:: What is being asked ::
Make an exact copy of all the data, pictures excluded.
---------- Exercise data
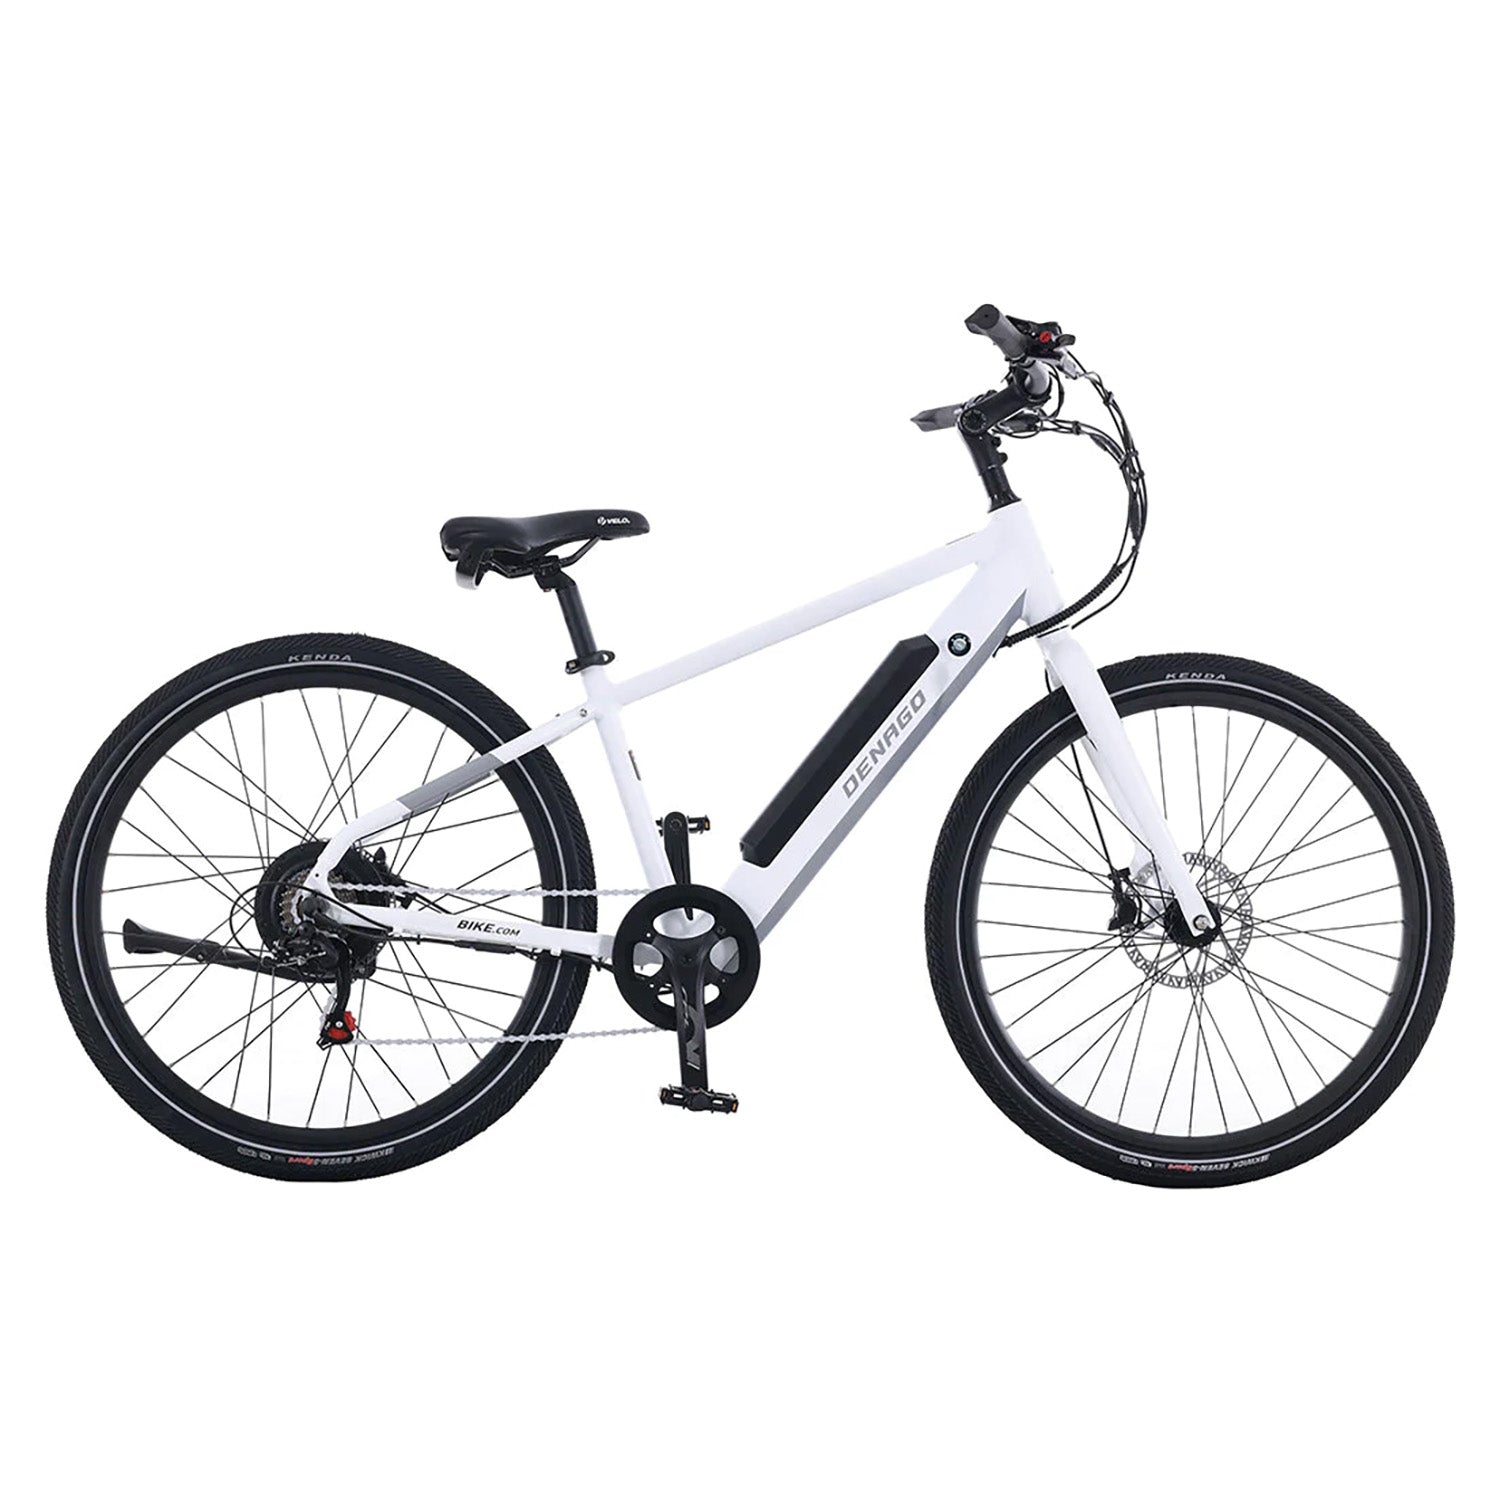 Raffle Tickets to Support Team Suicide Prevention - Denago City Model Top Tube e-bike, Bixby Bicycles, OK
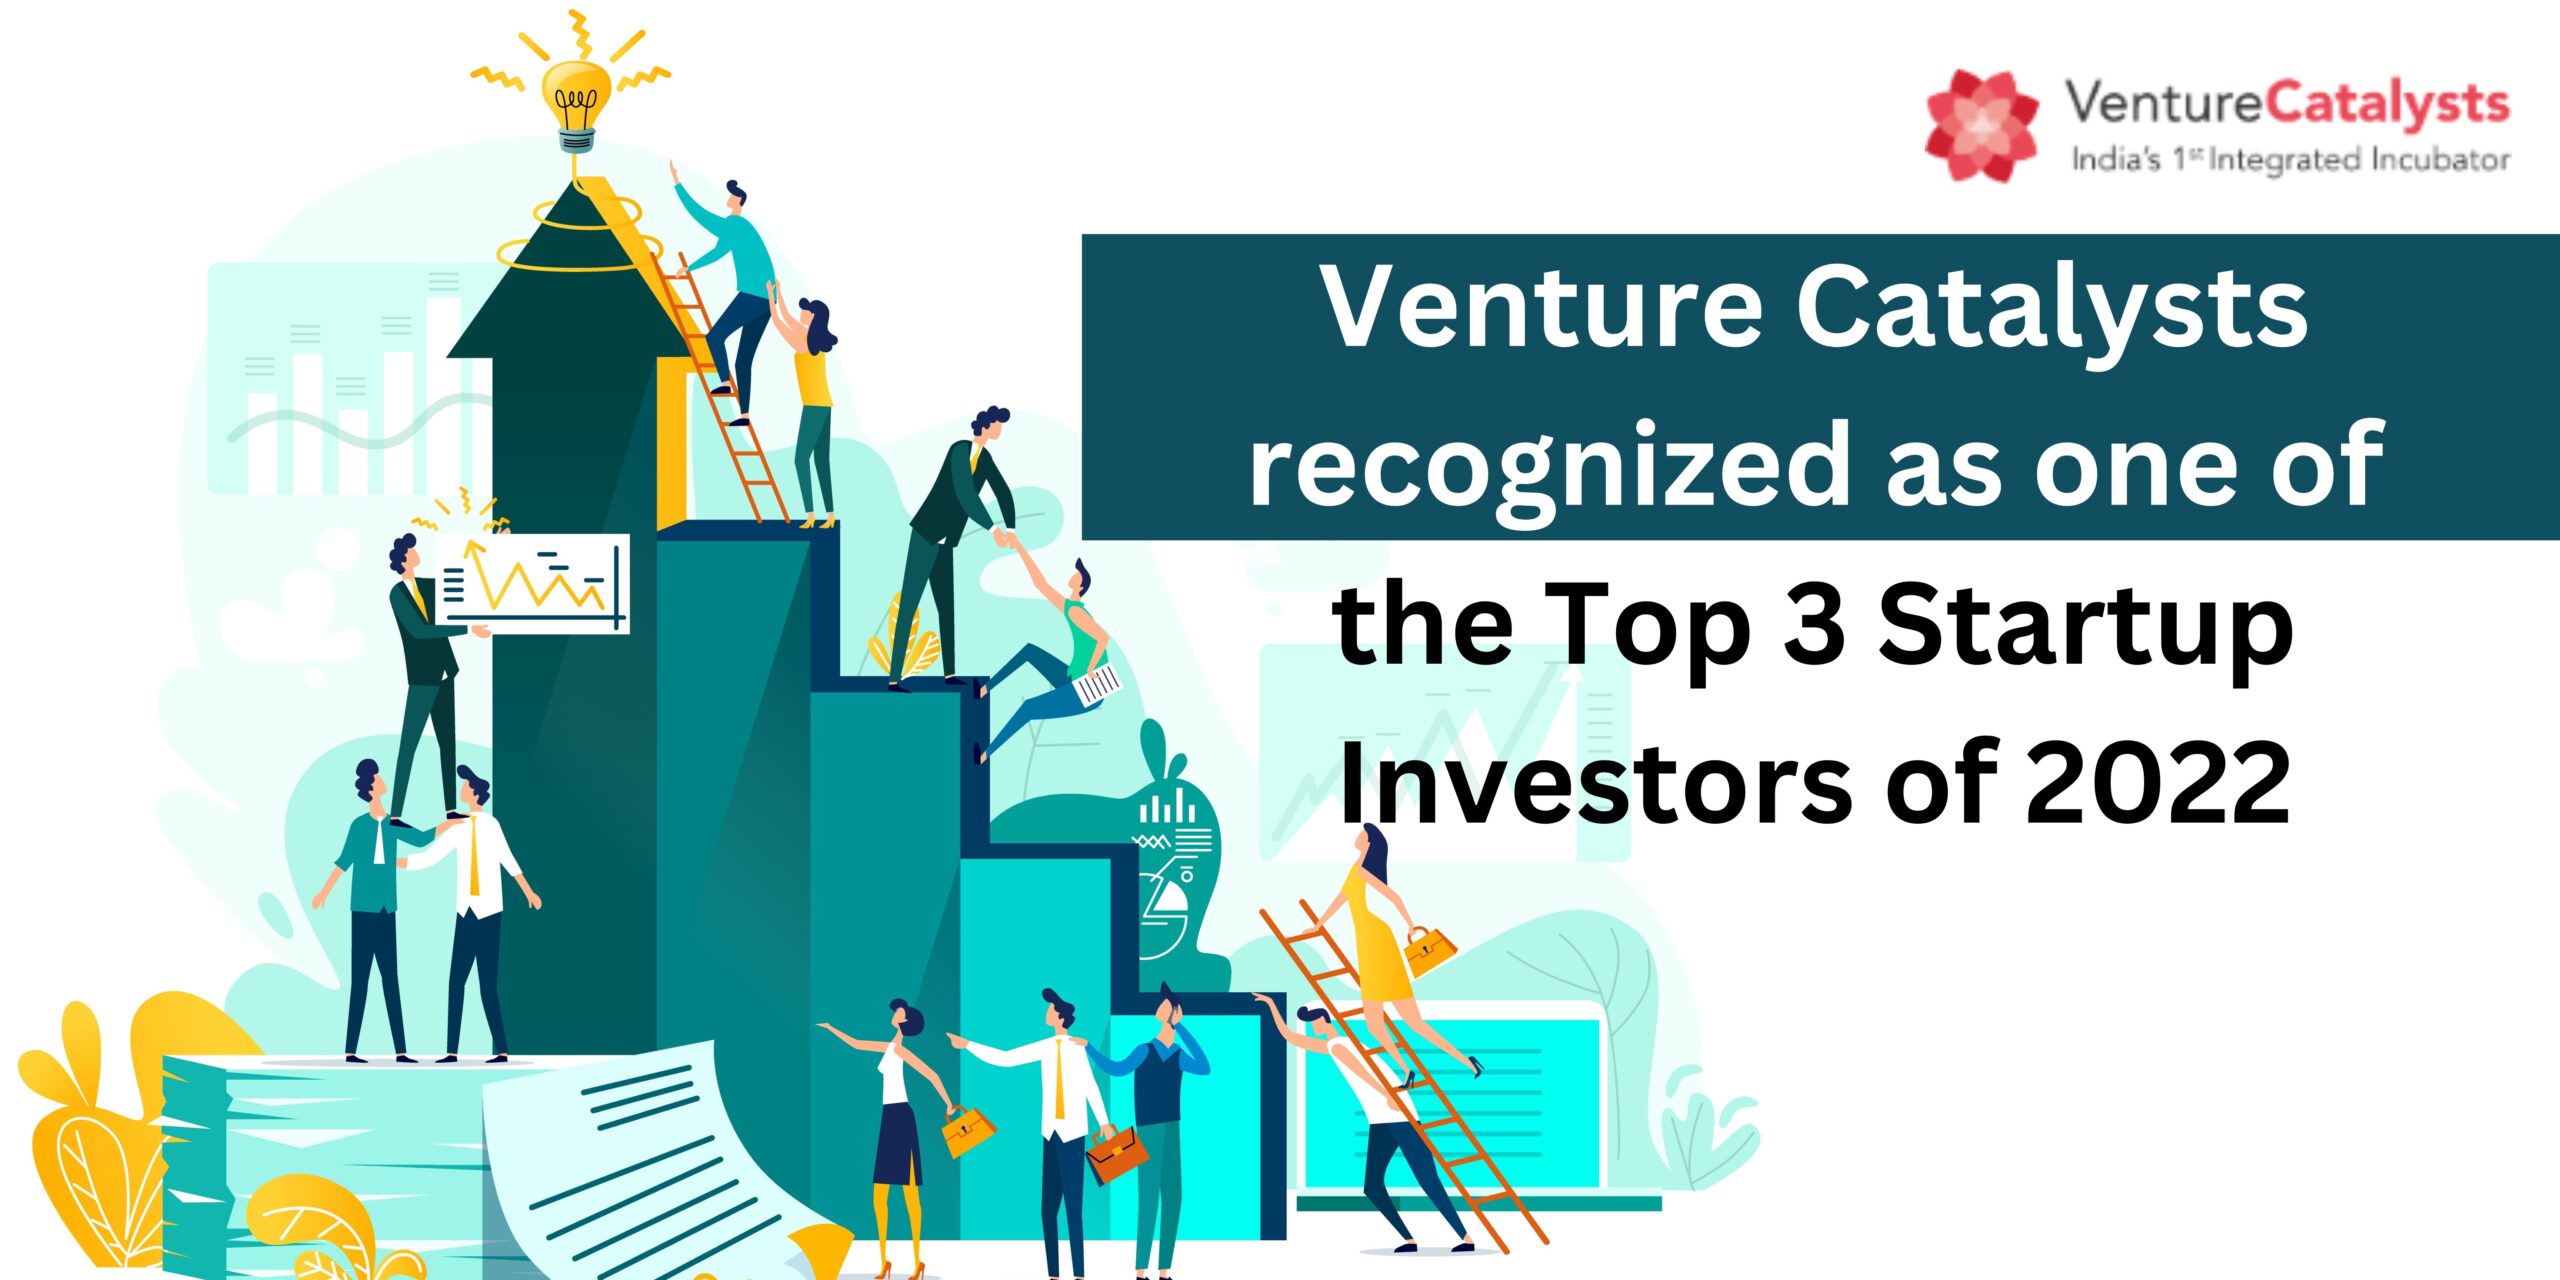 Venture Catalysts recognized as one of the Top 3 Startup Investors of 2022
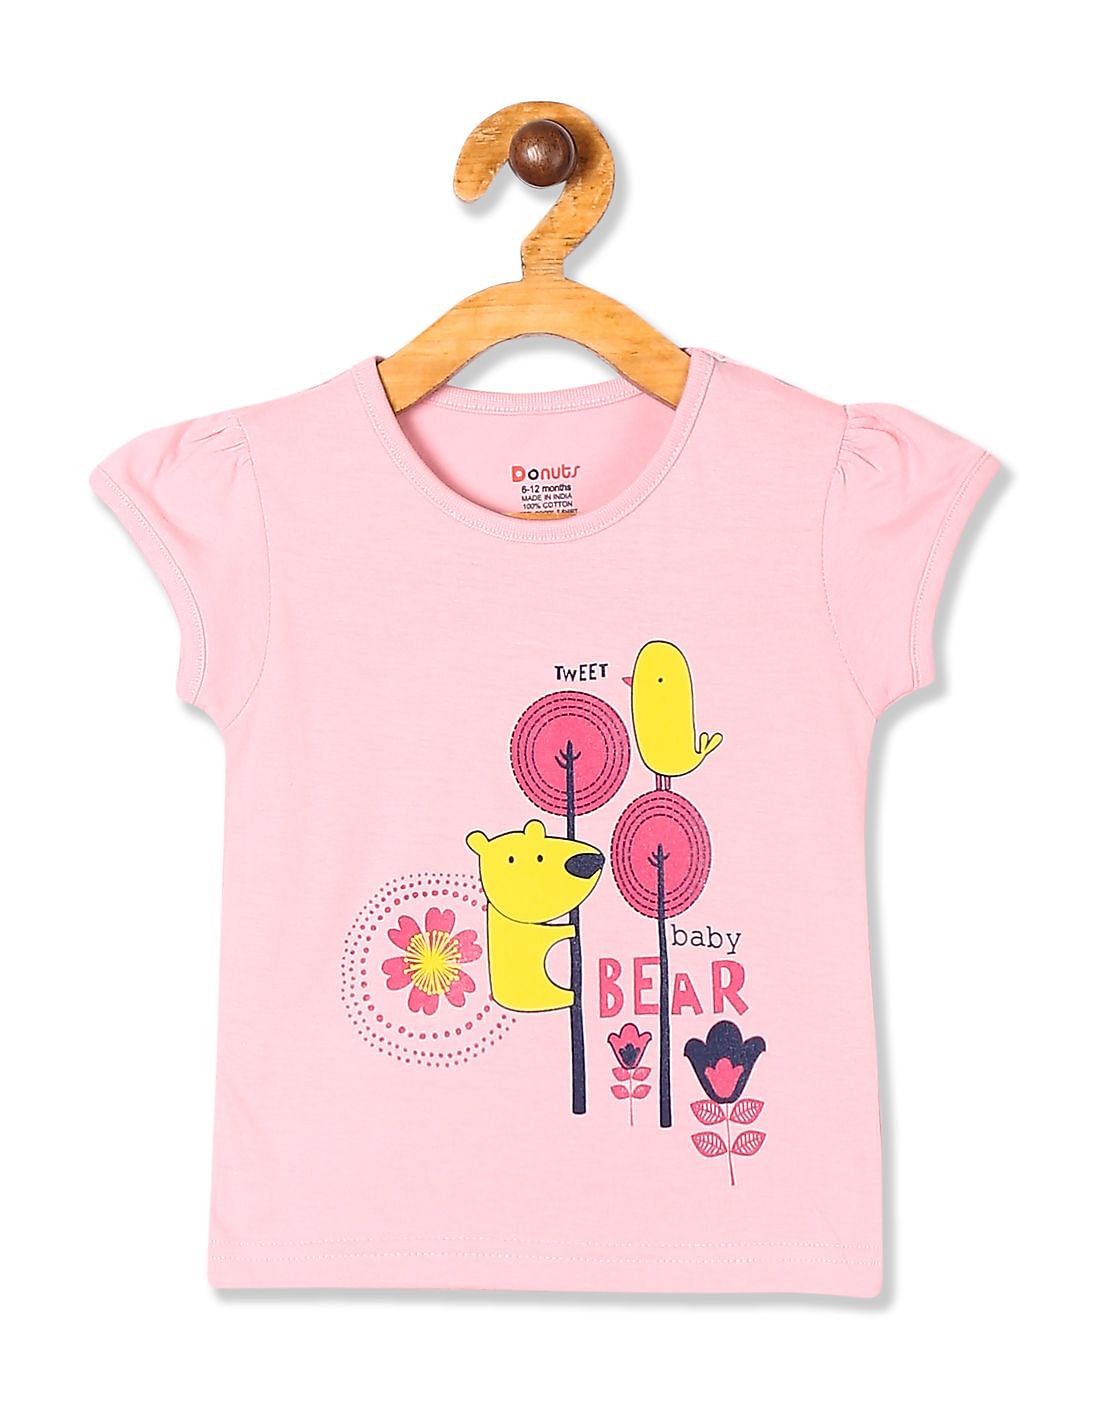 Buy Donuts Pink Girls Crew Neck Graphic T-Shirt - NNNOW.com
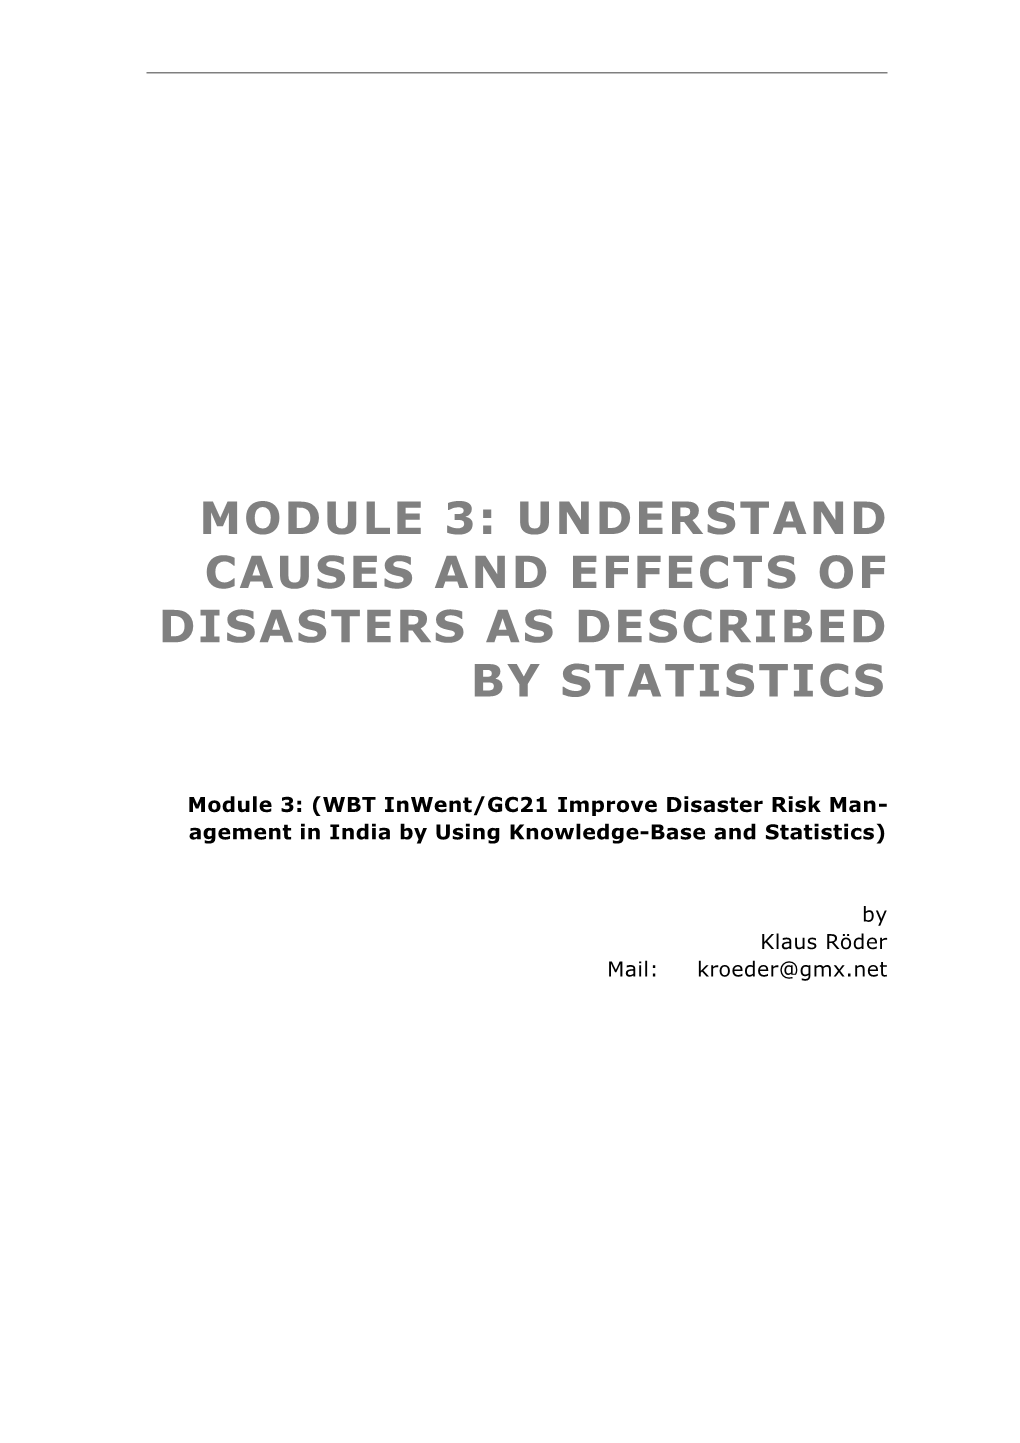 Module 3:Understand Causes and Effects of Disasters As Described by Statistics
--------------------
:: Answer space ::
 Raffle Tickets to Support Team Suicide Prevention - Denago City Model Top Tube e-bike, Bixby Bicycles, OK
 Venture Catalysts recognized as one of the Top 3 Startup Investors of 2022
 Buy Donuts Pink Girls Crew Neck Graphic T-Shirt - NNNOW.com
 Module 3:Understand Causes and Effects of Disasters As Described by Statistics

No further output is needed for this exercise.